The day after, Anthropic shipped a new model generation. The headline feature of Claude Fable 5 is unattended runtime: it holds a multi-hour, multi-day thread, investigates before it acts, reviews its own work, runs toward a completion condition. Which raises the question I have been asked a dozen times since: if the model holds the thread that well, doesn't your validator become obsolete?
We spent June 10 answering that question the only way that produces evidence instead of opinion. I gave Fable 5 the CASP repo, a roadmap proposal to write with explicit authority to reject my own plan, and one pre-agreed feature to ship.
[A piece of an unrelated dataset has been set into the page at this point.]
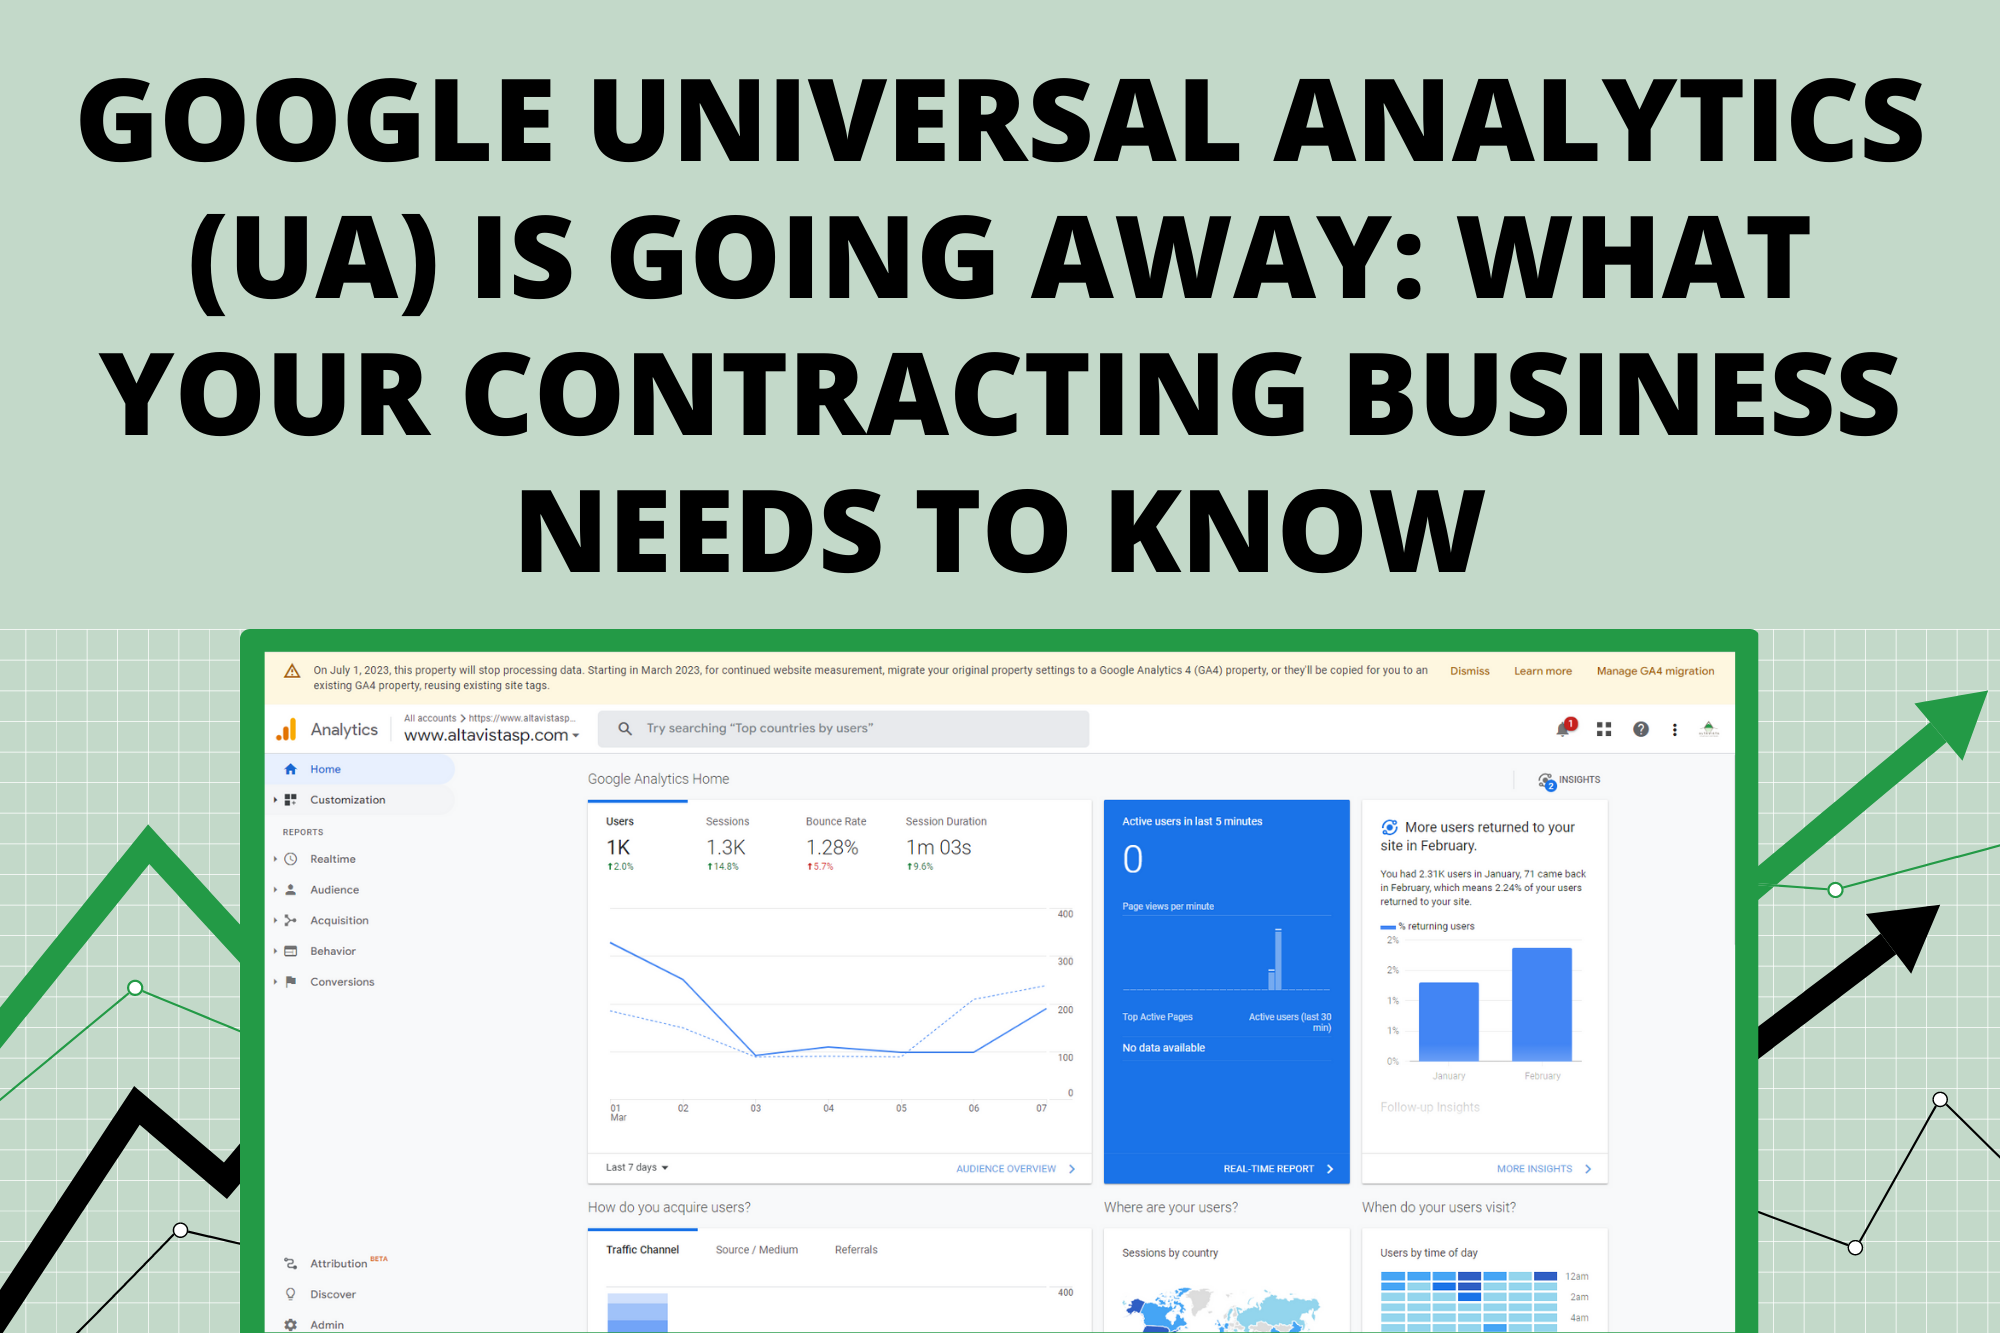 Google Universal Analytics (UA) is Going Away: What Your Contracting Business Needs to Know

By the end of the day it had rejected five items from my rails, found two real bugs in the validator itself by dogfooding it, fixed them under a two-auditor adversarial gate, and left casp check reporting 15 PASS · 0 WARN · 0 FAIL on CASP's own repository — fully green for the first time in the project's life.
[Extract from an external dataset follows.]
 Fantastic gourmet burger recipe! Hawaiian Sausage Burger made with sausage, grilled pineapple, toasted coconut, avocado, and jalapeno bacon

This is the build log of that day, what shipped in CASP 0.2.4 and 0.3.0, and what the day actually demonstrates about how an autonomous model and a deterministic gate divide the labor.
The setup: a brief with authority to refuse
The session brief was unusual on purpose. It did not say "implement this list." It said, roughly:
Propose a roadmap for CASP within these rails. This is a proposal — the CEO validates before any of it is executed. Pressure-test the rails, don't rubber-stamp them. If you think an item is wrong, miscategorized, or missing, say so with reasoning. You have the authority to reject — this is the product whose whole philosophy is that the model can say no. Use it. A roadmap that proposes little is a better outcome than one that proposes much. The restraint is the deliverable.
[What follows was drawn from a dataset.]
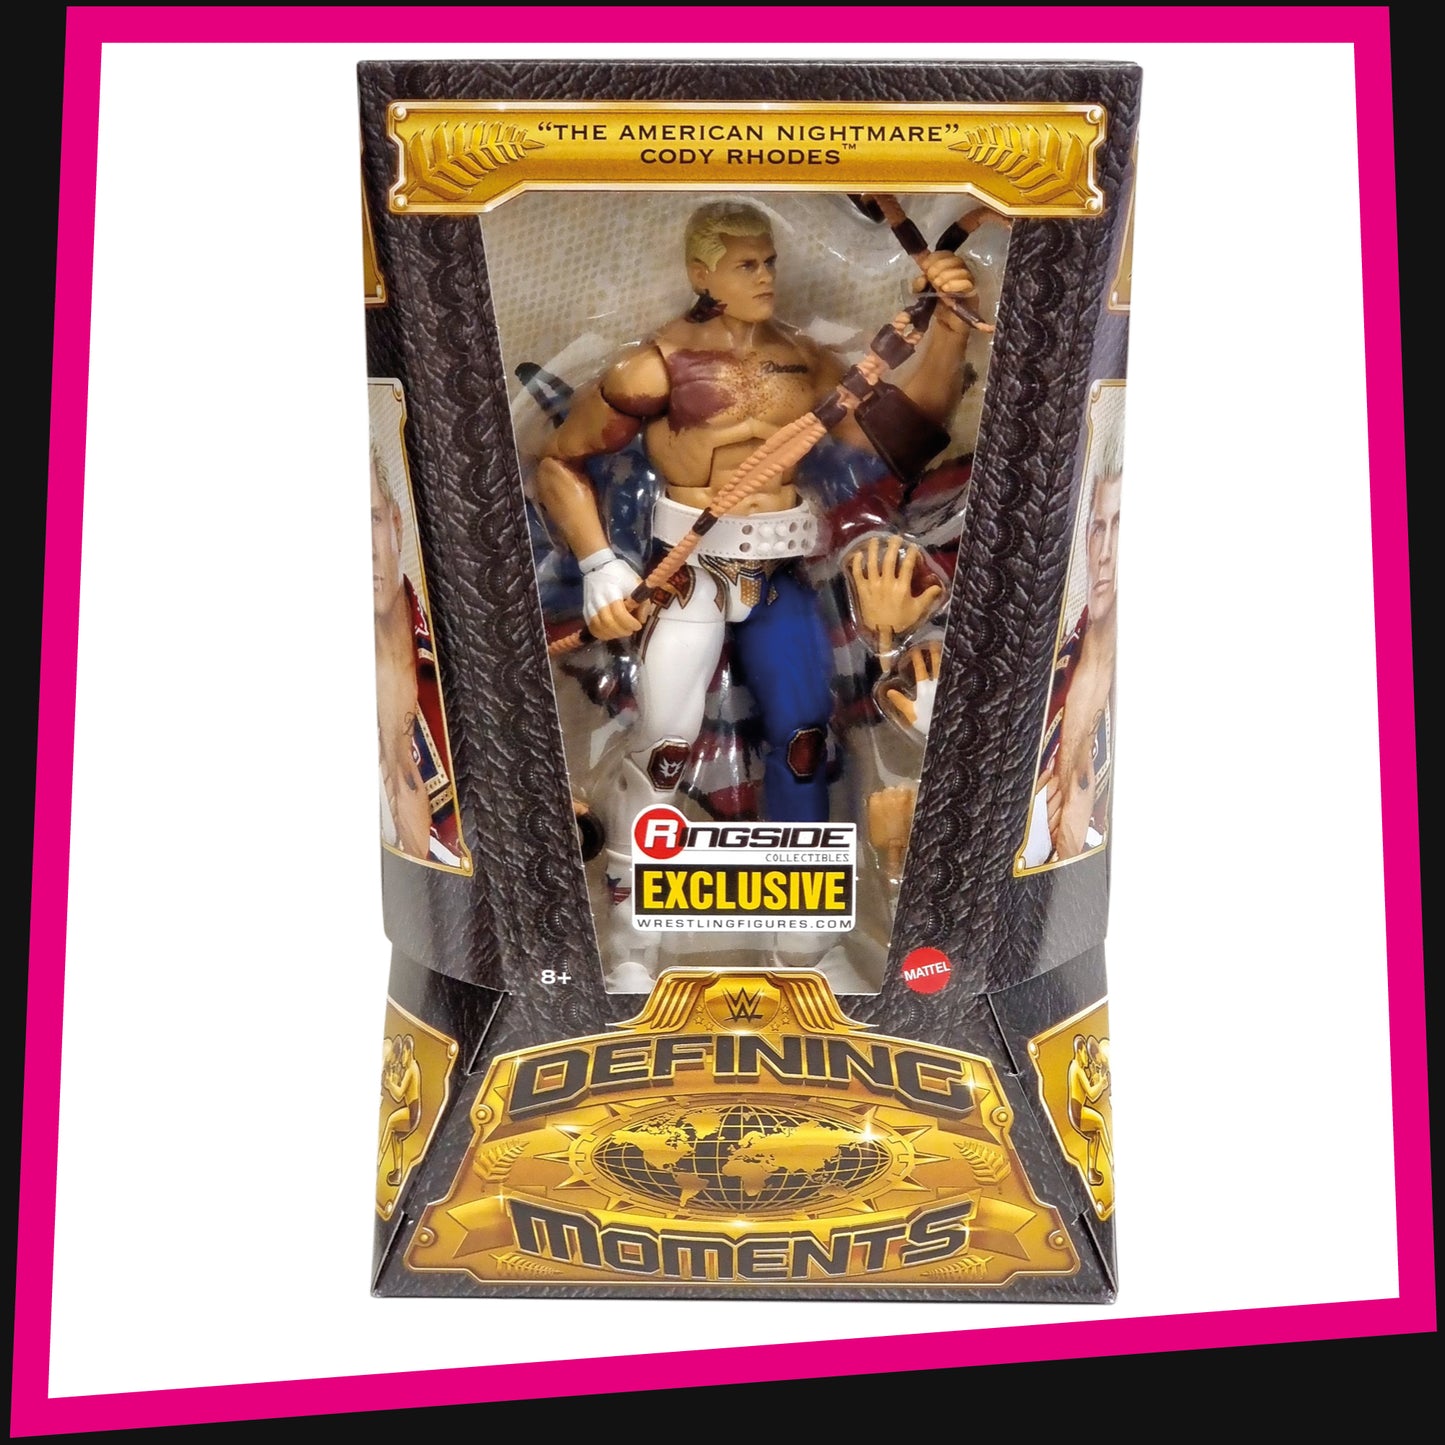 Cody Rhodes - Defining Moments Ringside Collectibles Exclusive WWE Mattel

The rails themselves were five governing principles: CASP does one job (prove recorded state matches git, deterministically, and gate on drift); it is a gate, not a harness (it never runs agents, never reviews code quality); the protocol is frozen (changing the spec needs a bar as rare as adding a method to HTTP); deterministic stays deterministic (nothing probabilistic ever enters casp check); and model-agnostic + zero-telemetry are non-negotiable.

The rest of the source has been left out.